After persuading a groundskeeper to turn off his mower while she tended to the bird, she slowly approached with ointment for the wound. Nearby, guardian geese in the river squawked and protested, unsure of her intentions.

To be clear as possible, were it not for Ceruzzi, that goose would have died a horrible death from starvation or from a predator attack. What she got from it, other than the satisfaction of helping, was nothing more.

Move it up…

Last autumn, taking a walk through the park, I ran into Ceruzzi near the sanctuary where she helps a variety of animals. She waited for a delivery.

Soon, a truck from New York City Animal Control rolled down the road through the park. A man gently handed over a tiny, abandoned infant squirrel. The baby needed the warmth her mother could not give her, plus regular bottle-feeding.

Ceruzzi didn’t flinch, thinking out loud about how to safely get her new charge into her apartment.

Although she’s best known for rescuing cats, protecting them and seeking adoptive homes, she does this sort of thing every day in every season. But there’s something else taking up her time, too much of her time…

Island Politics

Except for a few favored groups, almost everyone suffers the results of poisonous politics on Roosevelt Island, whether its bad roads, dangerous Tram cabins, underfunded nonprofits or abandoned artwork.

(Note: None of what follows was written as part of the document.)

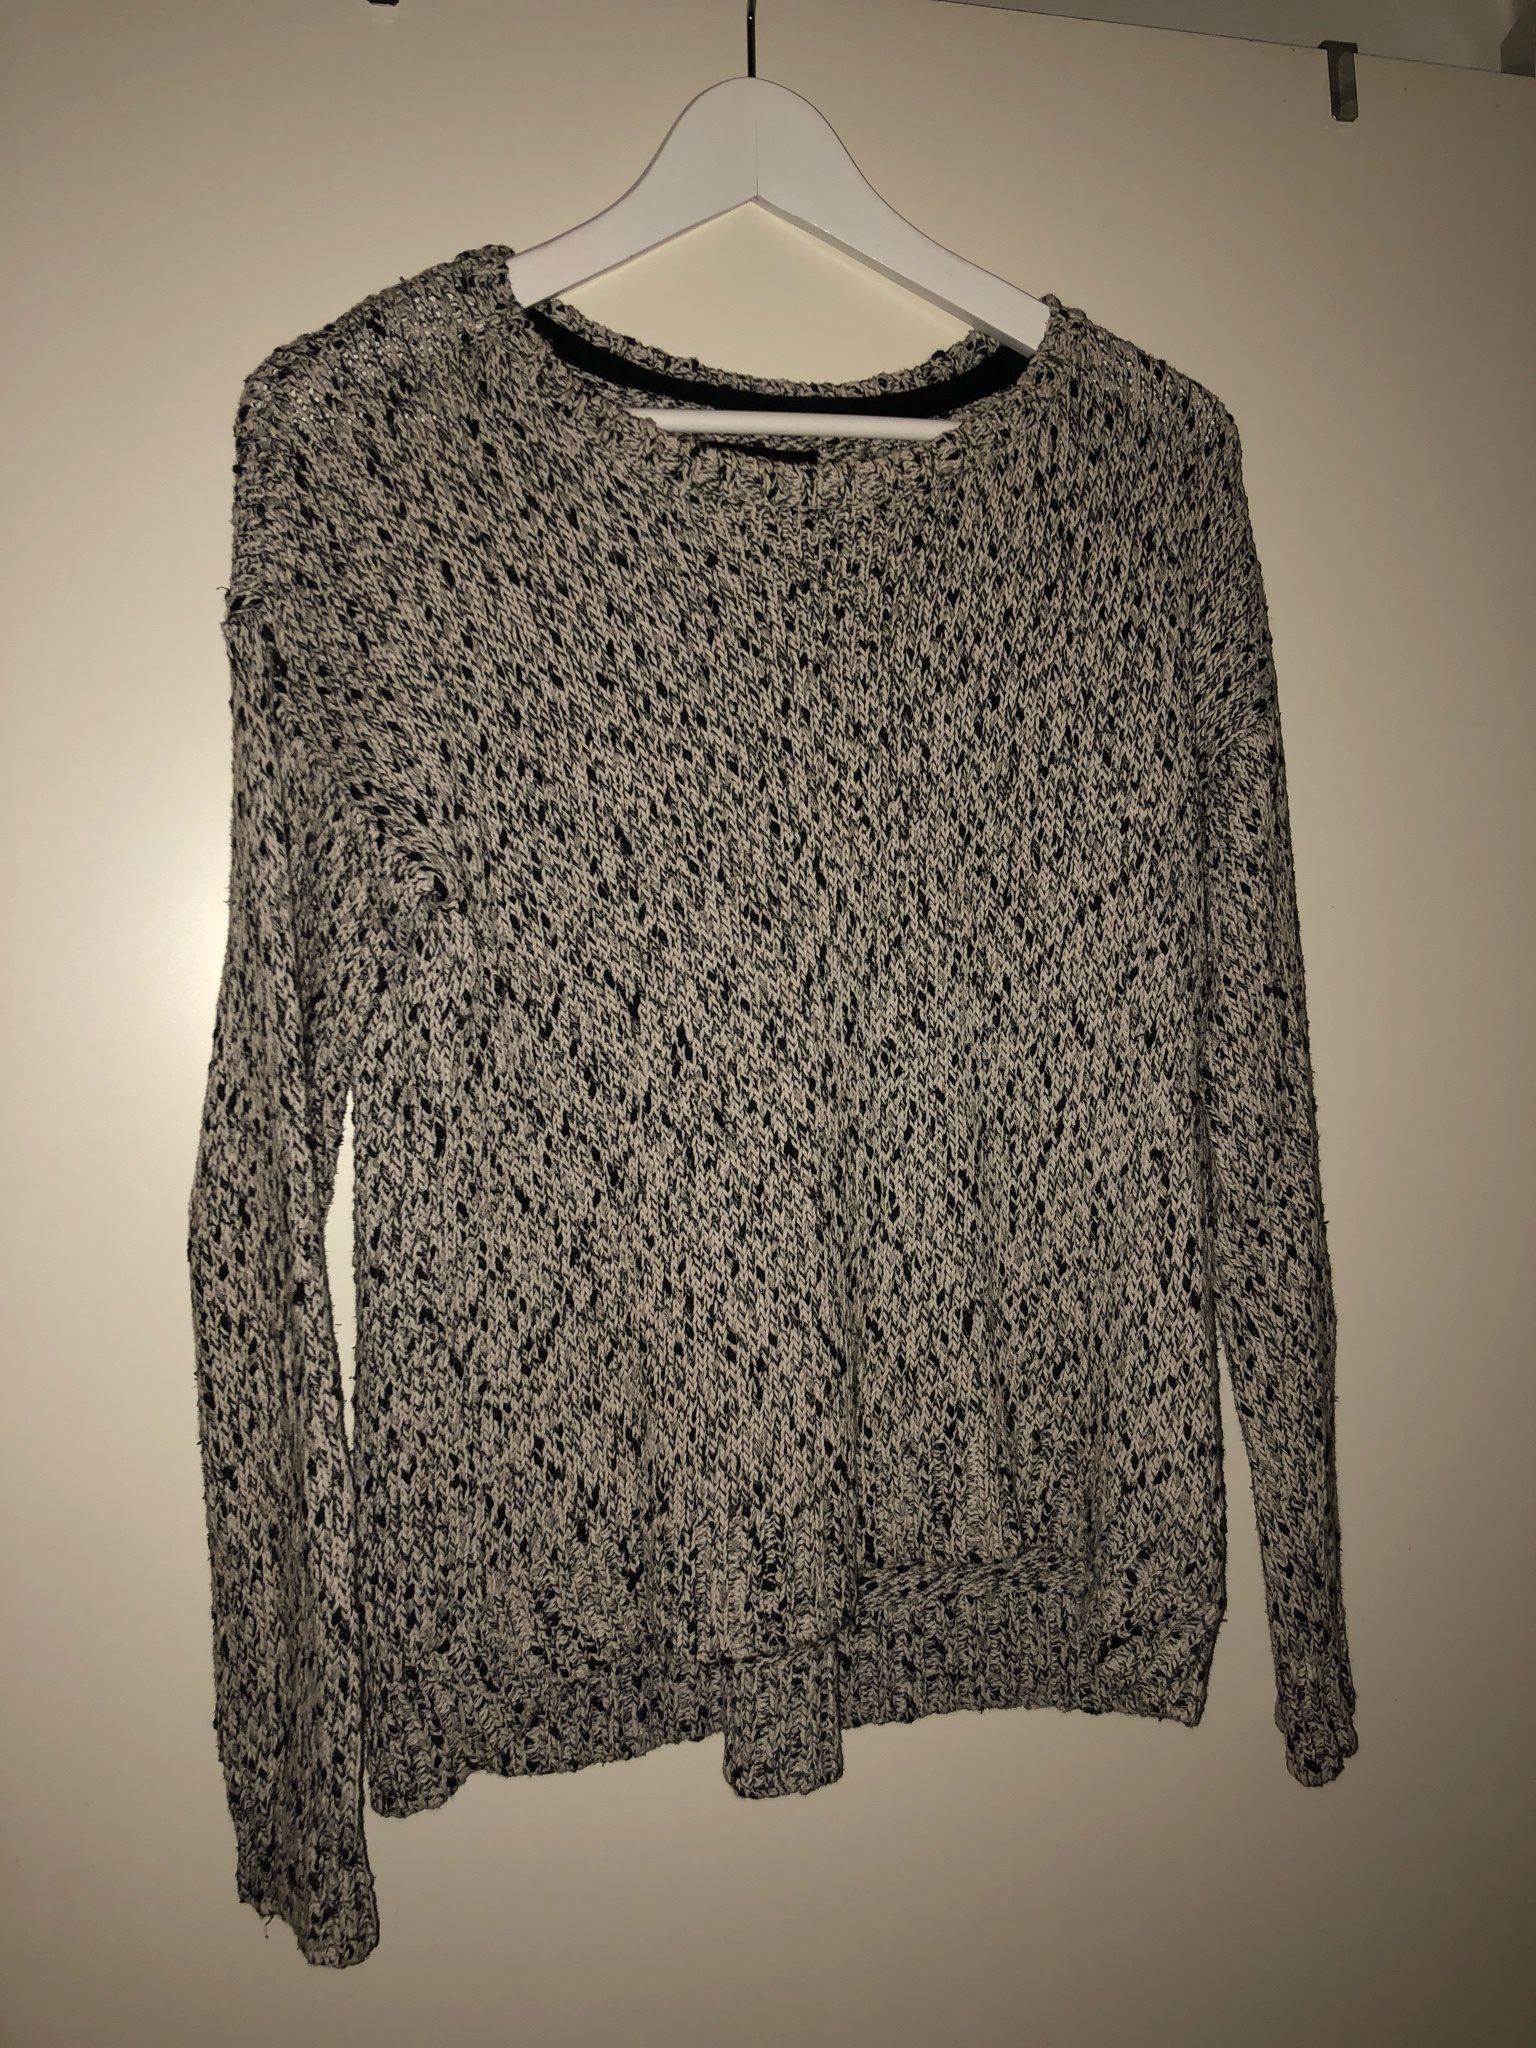 svart och vit stickad tröja

RIOC is not the single source of revenue for WFF, but it’s critical. And recently, undependable.

Whether in appreciation of Ceruzzi’s work with animals – she regularly gets calls from Public Safety – or respect, she has done well with RIOC’s increasingly volatile executives since Steve Shane’s tenure – until now.

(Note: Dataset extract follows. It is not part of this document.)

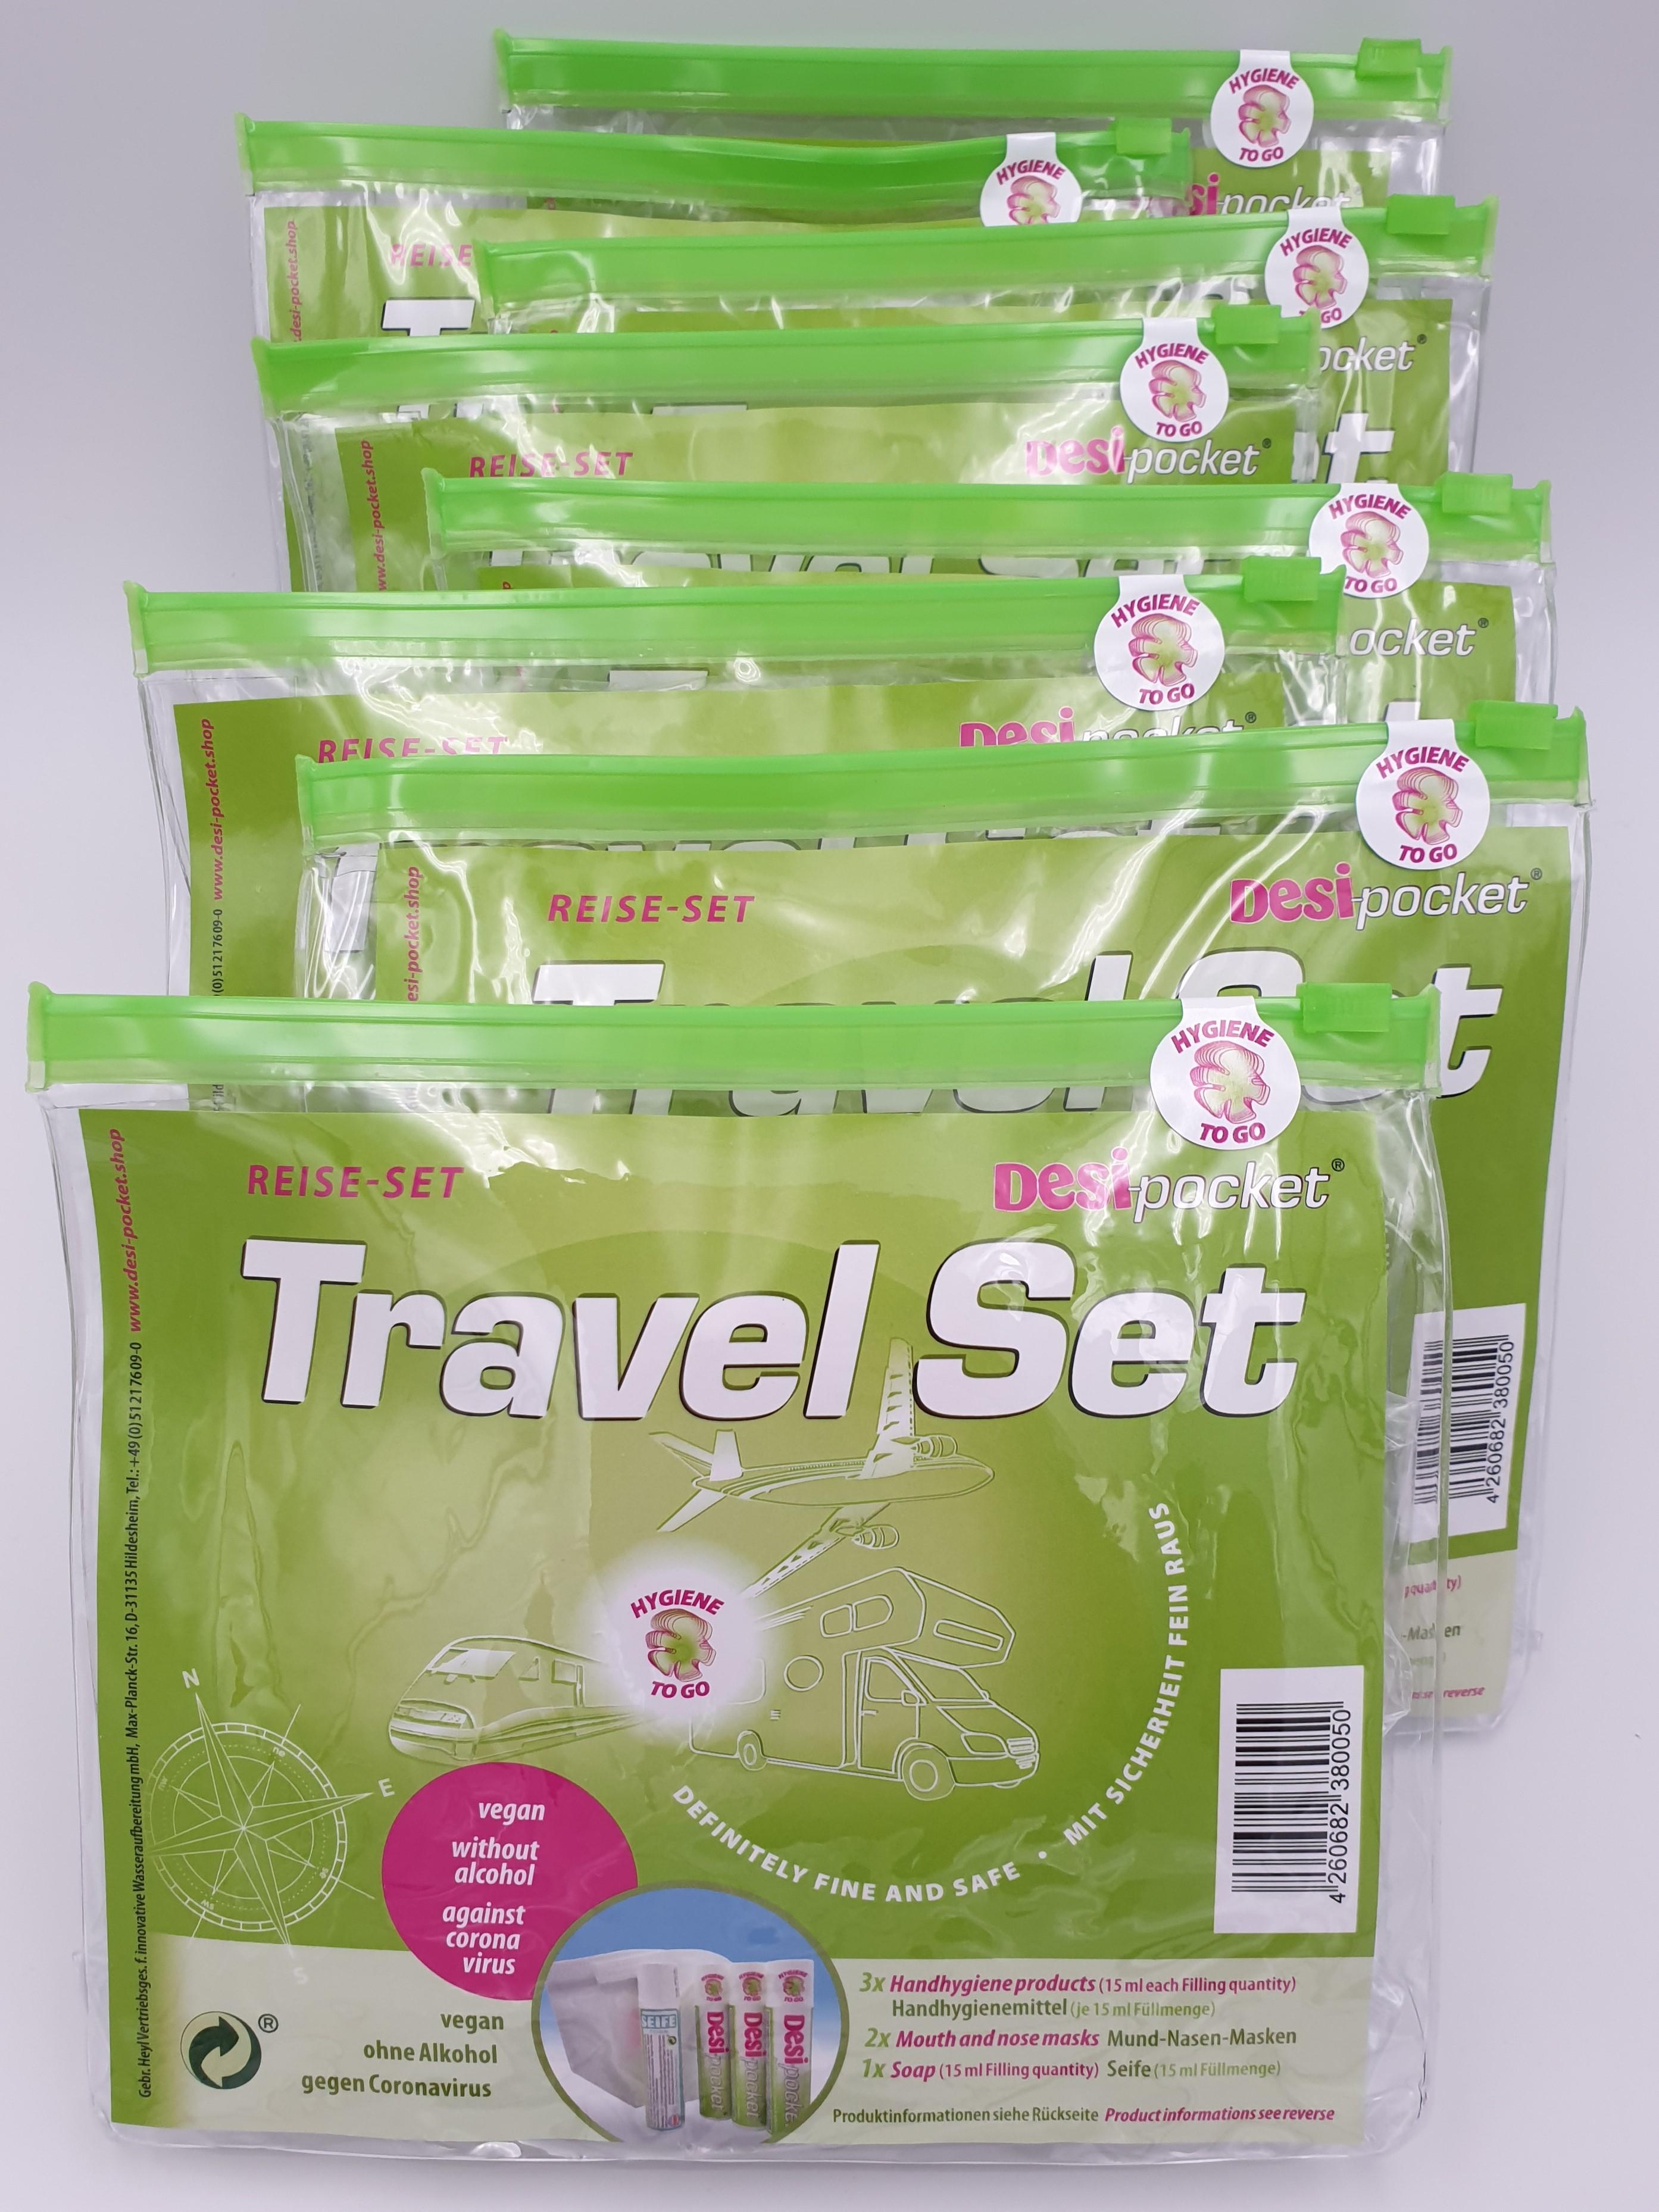 Desi-pocket Travel Set Kennenlern- Angebot - vegan - ohne Alkohol - gegen Coronavirus

That’s no criticism of RIOC’s new interim management. They’re dealing with a pile of something we’ll chose not to name that was accumulated and left behind. With WFF stuck in the middle.

The Public Purpose Fund Disaster

With a combination of Residents Association members teamed up with RIOC, Public Purpose Funds provided WFF with crucial cash for operations. In addition, then-Chief Operating Officer Shelton Haynes built a new, improved shelter for the animals when the Southpoint makeover threatened their existence.

Public Purpose Funds are moneys set aside for aiding Roosevelt Island’s nonprofits. While wonderful in concept, they’ve been stingy in practice, but WFF and others gratefully accepted what they could.

Opossum in WFF Sanctuary
Frightened opossum in WFF Sanctuary.

But then, in 2021 – for reasons unknown and unexplained – RIOC handed the whole process over to New York Community Trust. The ironically titled Community Trust actually made the system worse – a lot worse. Whether by accident or design, their results accurately reflected RIOC’s selective preferences and dislikes.

WFF, which had recently challenged RIOC’s Southpoint Park objectives, got all of $1,000, knocked down from $10,000. As usual, there was no explanation, but then, panic set in.

Haynes and Robinson to the Rescue

Soon after WFF’s board rejected the Community Trust’s $1,000 insult, RIOC asked them to reverse course and accept it. When it refused, Haynes an Chief Counsel Gretchen Robinson offered a compromise – a $15,000 services agreement acknowledging WFF’s contributions to RIOC and Roosevelt Island.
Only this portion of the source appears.